* _TASK STATEMENT_
The line with "City Passenger Train Set 7897 - US" marks the start; please set it down along with all later lines through the end of the material, exactly, leaving out pictures.

* _DATA BLOCK_
--------------------------------

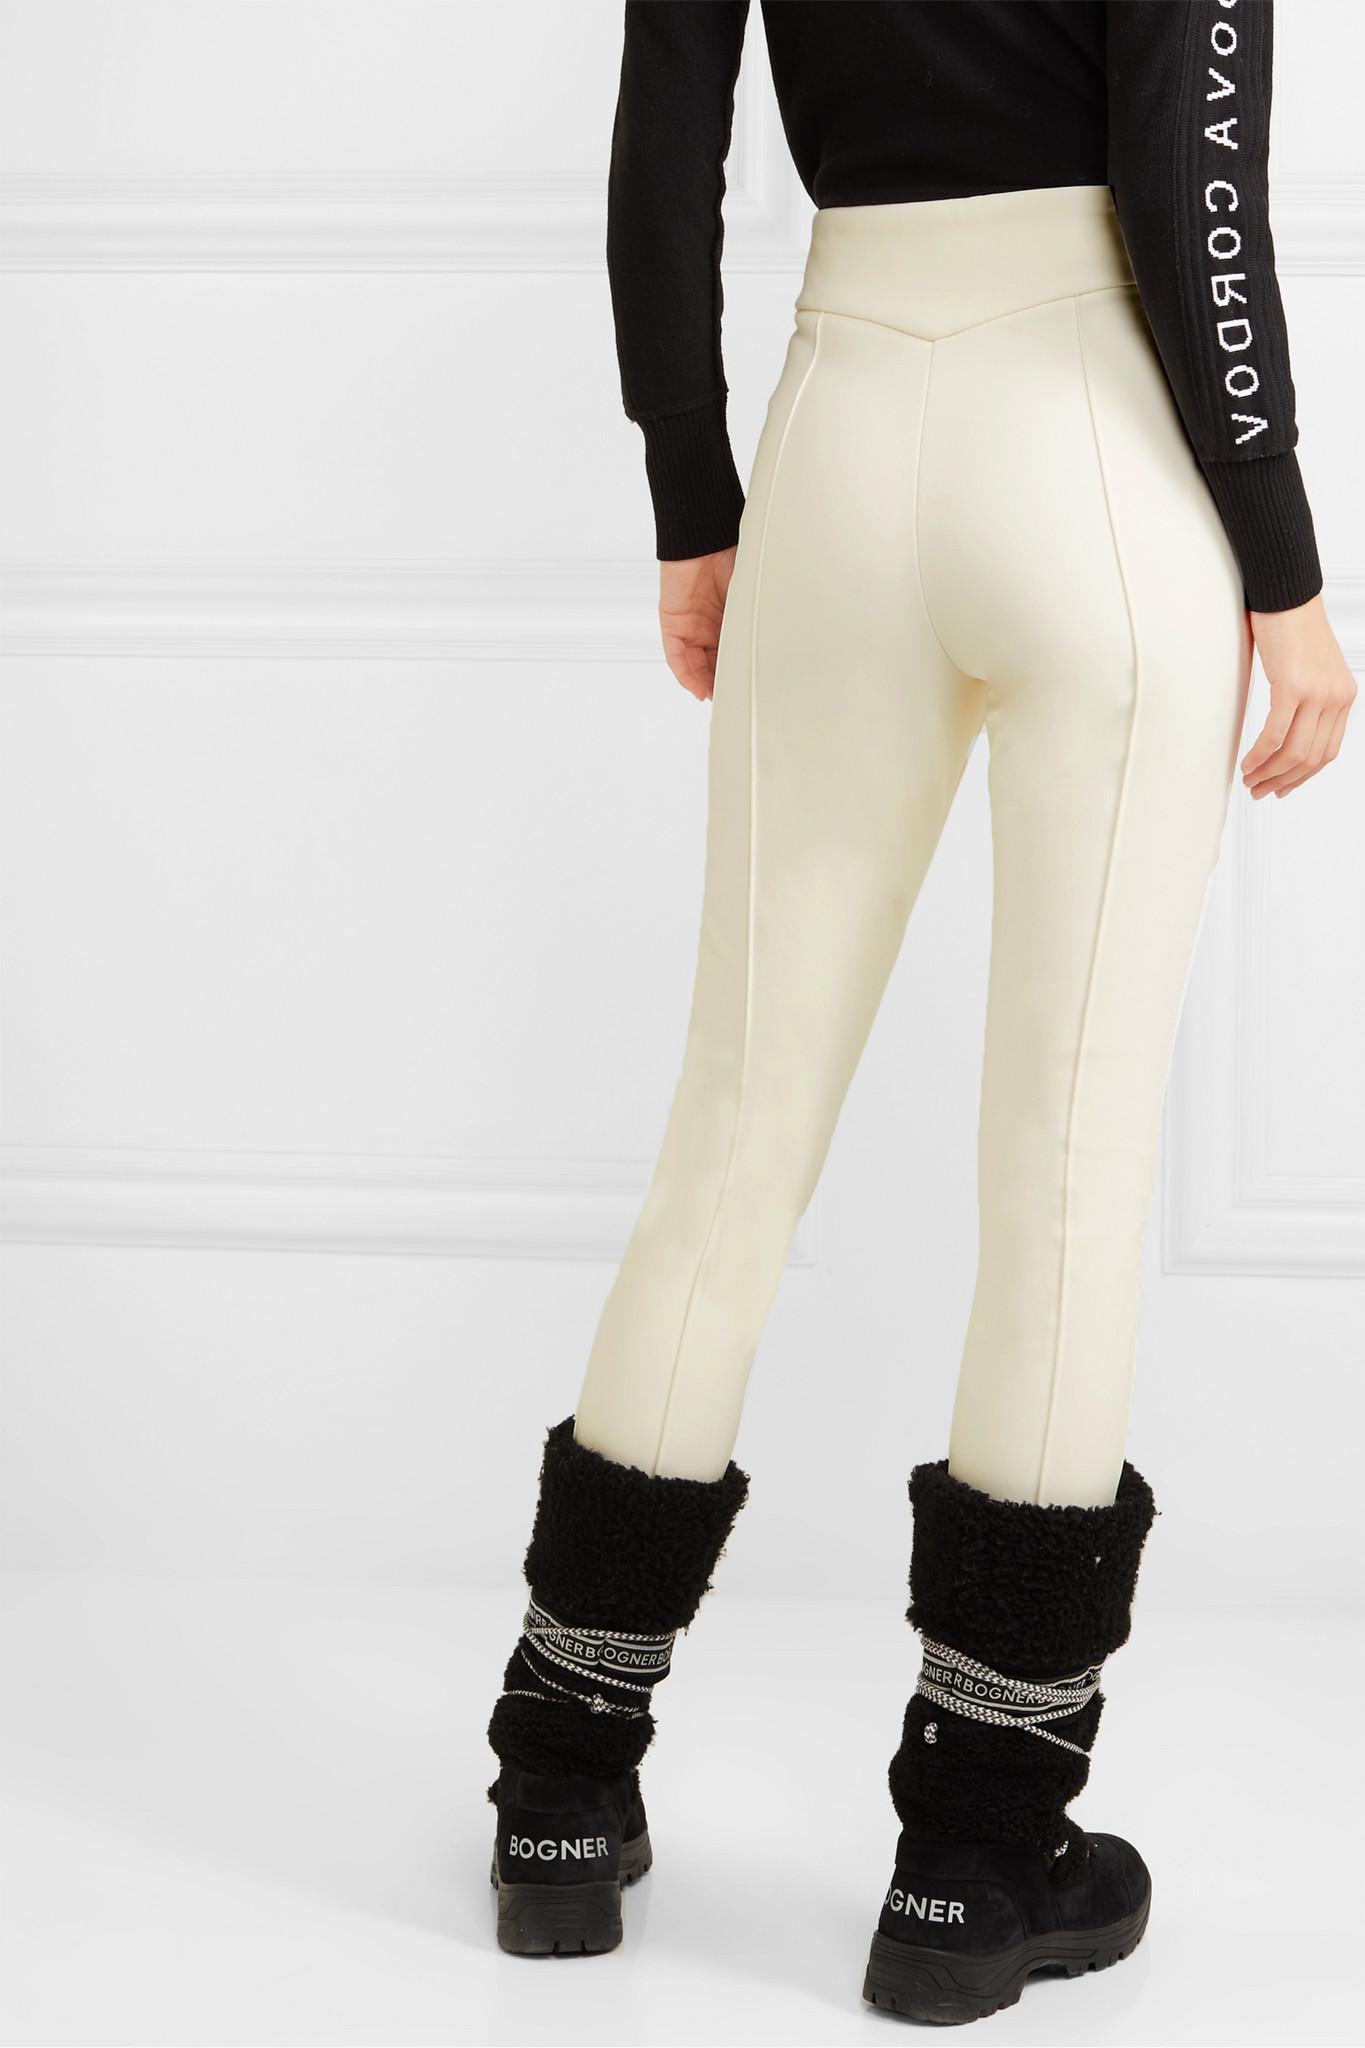 CORDOVA Fleece Val-d'isere Stretch Slim-fit Ski Pants in Ivory (White) -  Lyst
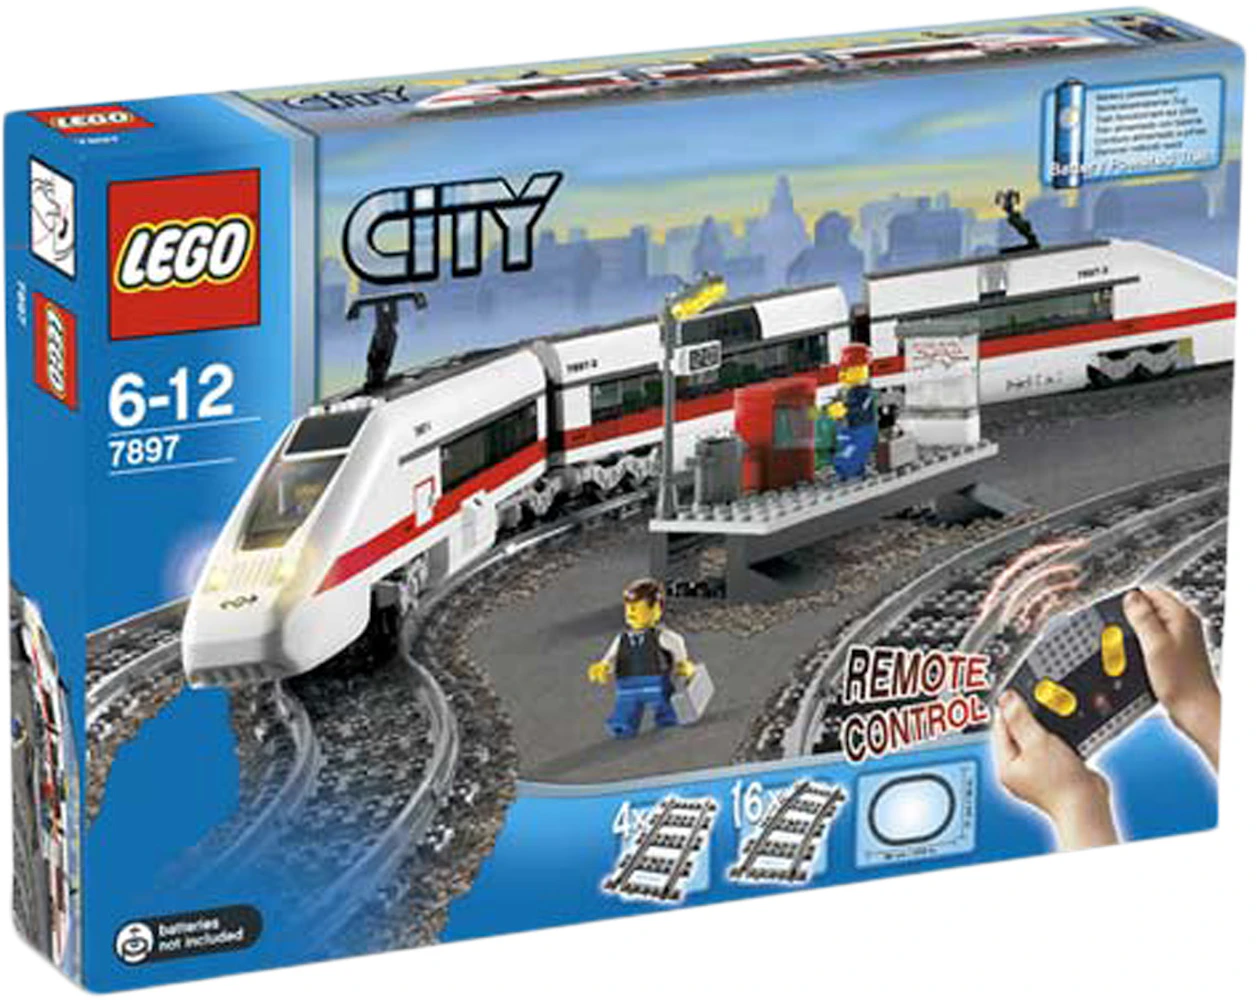 City Passenger Train Set 7897 - US
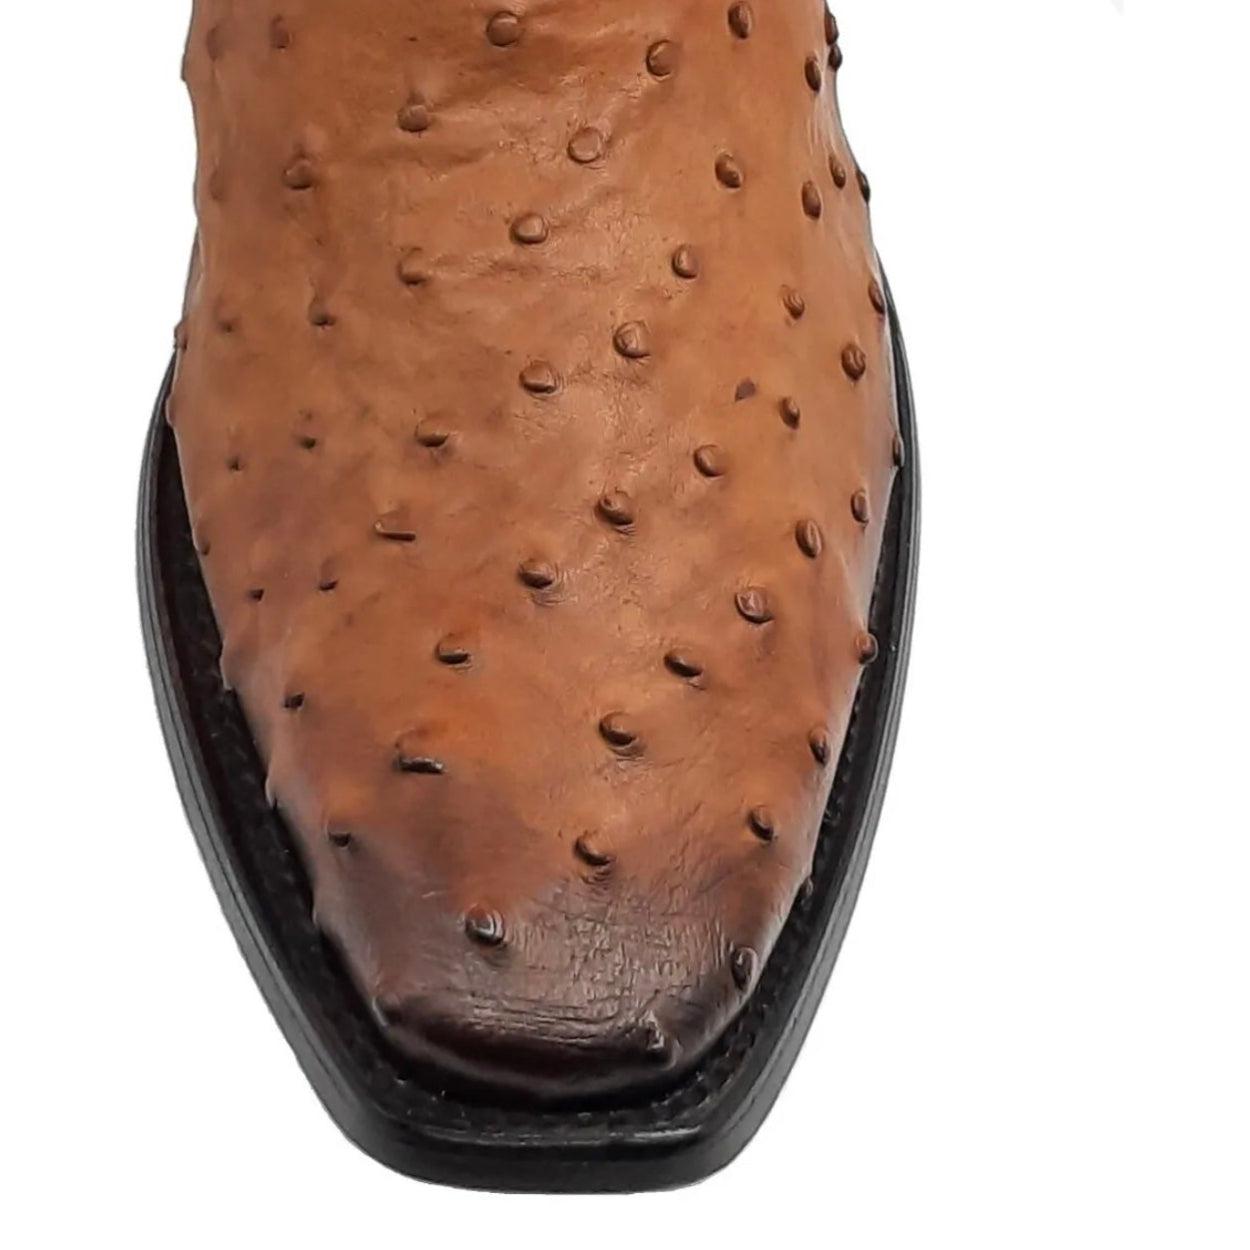 3C1NA1 - Cuadra brandy dress cowboy exotic ostrich leather boots for men-CUADRA-Kuet-Cuadra-Boots

--------------------------------

* _SOLUTION_
 City Passenger Train Set 7897 - US
 3C1NA1 - Cuadra brandy dress cowboy exotic ostrich leather boots for men-CUADRA-Kuet-Cuadra-Boots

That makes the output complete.